The outpouring of God's grace and joy were just beginning for the Kaniewski household. One month after the accident, the family, including David—wheelchair and all—entered Pat's church.  As his son before him, David wept throughout the service, and responded immediately to God's call of salvation. "When I was trapped in the corn picker, I made a deal with God," he said. "Now I want to accept Him, no strings attached.  I just want to make sure of my salvation," he told the pastor. What a Thanksgiving followed for the Kaniewski household!

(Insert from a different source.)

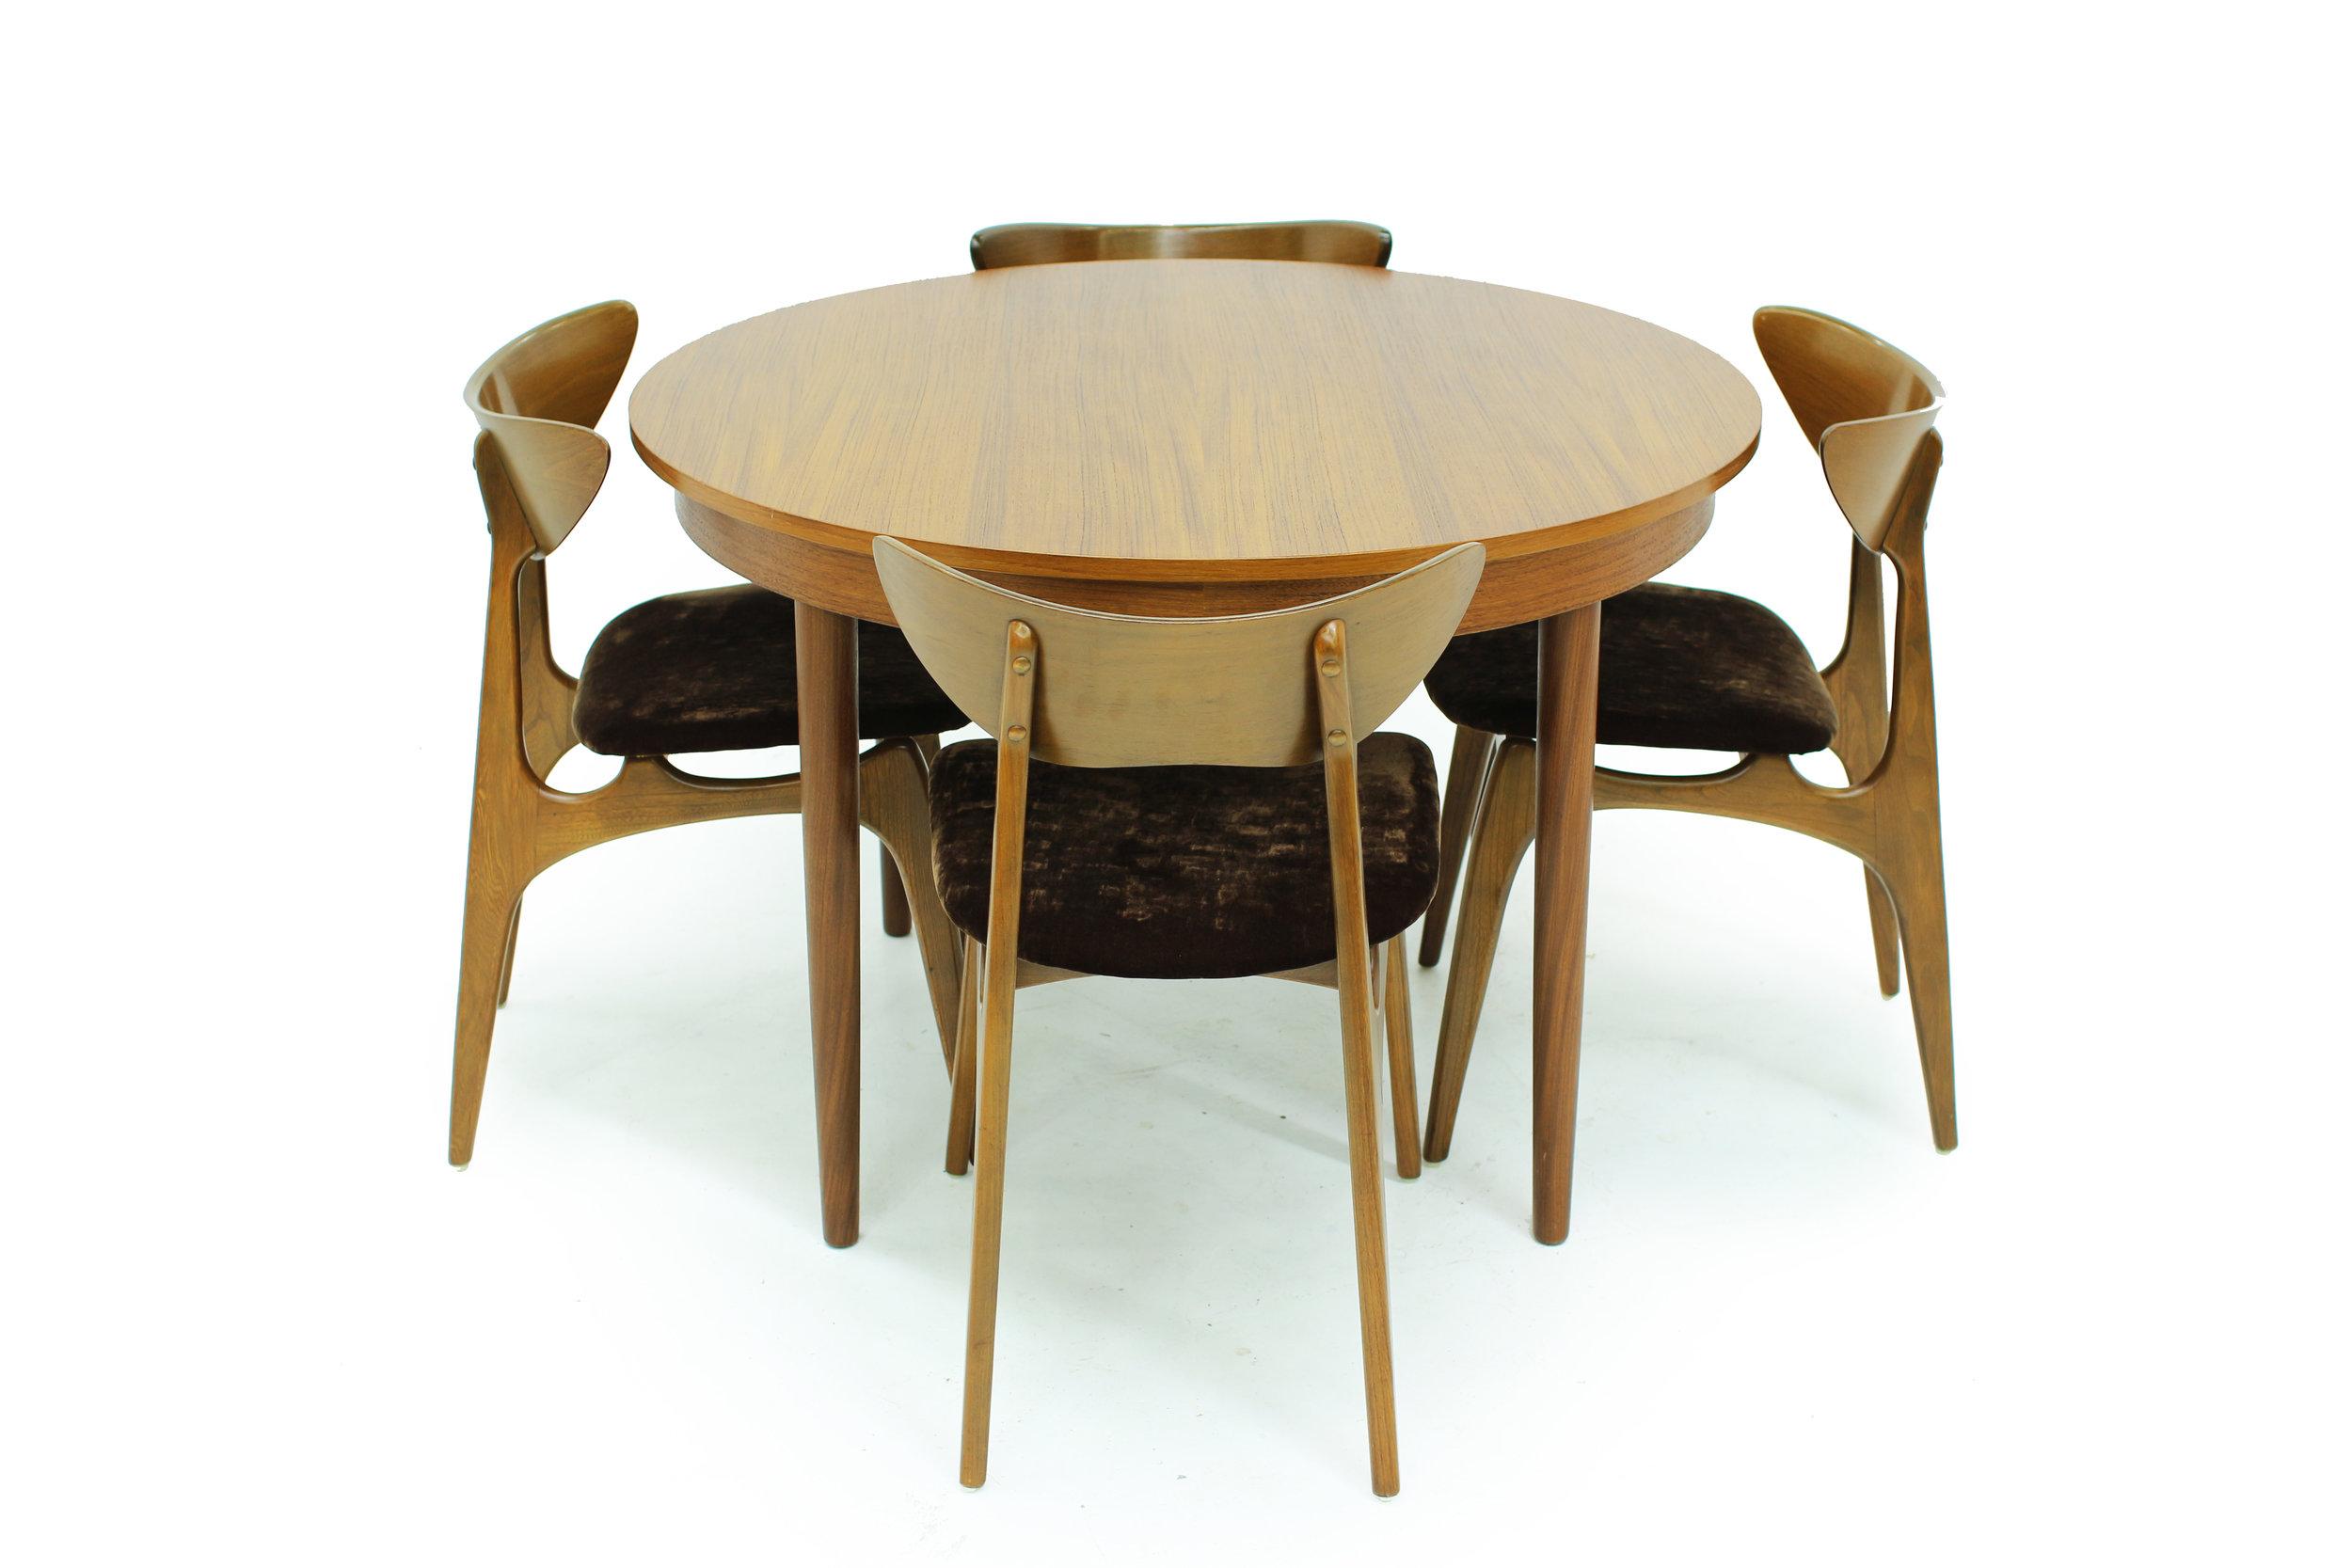 MCM Round Teak Dining Table Made in Denmark(2).jpg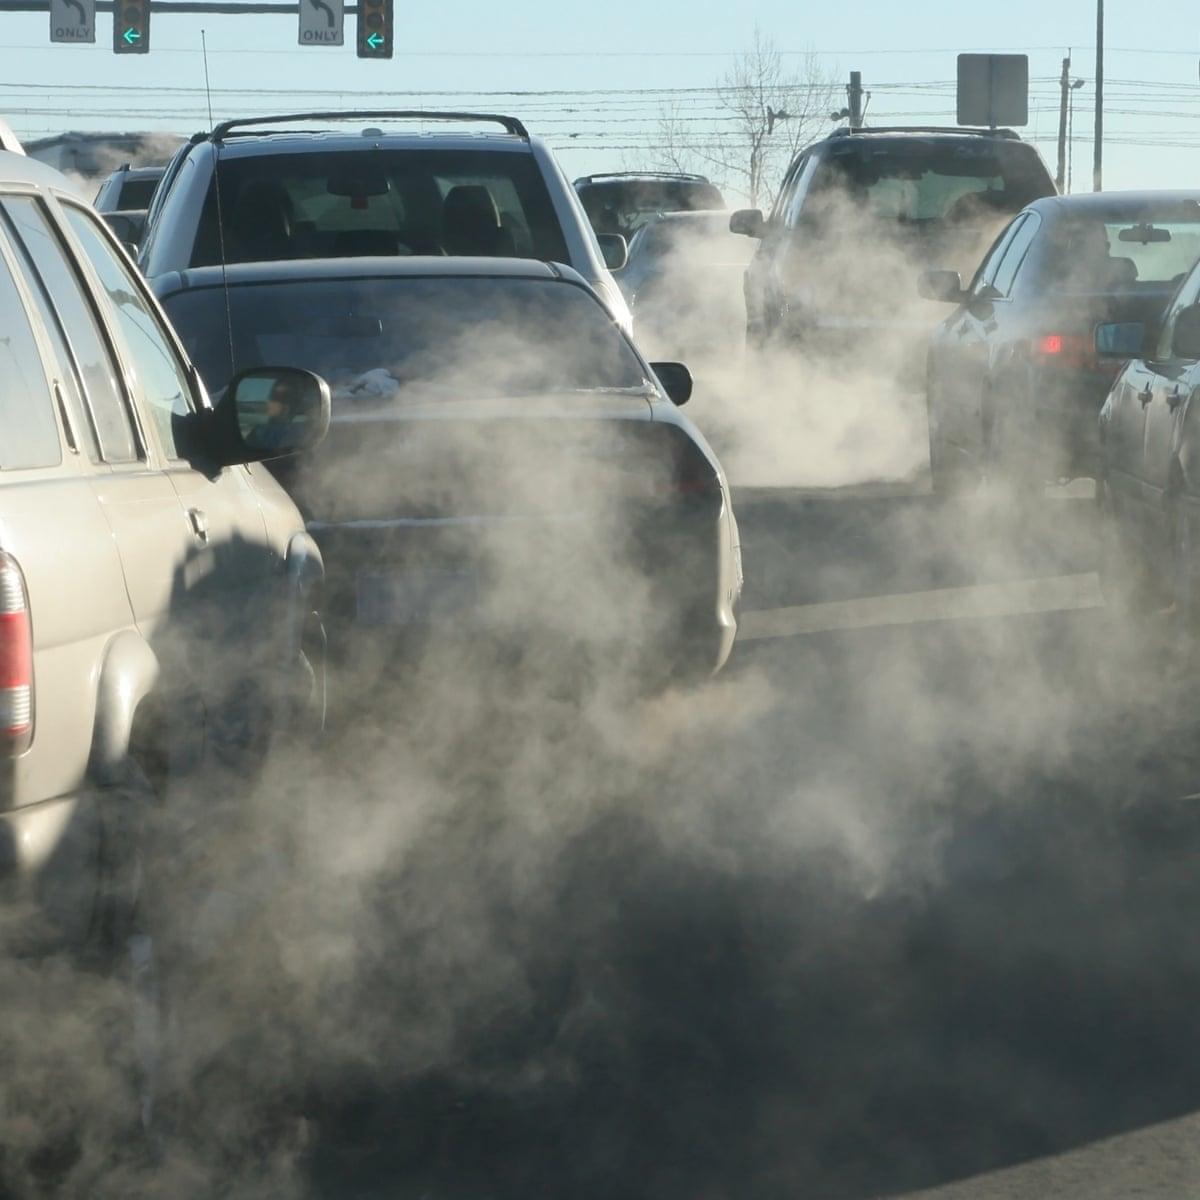 Brașov: Propunere de dezbatere pentru interzicerea mașinilor diesel în oraș

As time passes, Pat continues in euphoria. "If God blesses me any more I don't think I'll be able to stand it!" she commented. Todd is growing in his relationship with the Lord, present at every Sunday morning service.  David is walking with little or no assistance, and the arm, that was just supposed to be merely a helping arm, is well past 50 percent and still improving.  The medical obligations, which exceeded $200,000, have all been met without any insurance. David continues to grow in his relationship with the Lord, reading his Bible daily and is faithful in attendance at "his" church each Sunday. He has a thirst for the knowledge of God. He seems to be trying to make up for lost time.  Every person that knew the old David, praises God for the new David.

Every person who has been praying for years for the salvation of friends or loved ones are now encouraged to never give up.

That fall day in October, 2002: was it a horrible tragedy or a hallelujah triumph?  You decide!

The author is pastor of Factoryville Bible Church, where the Kaniewski family worships.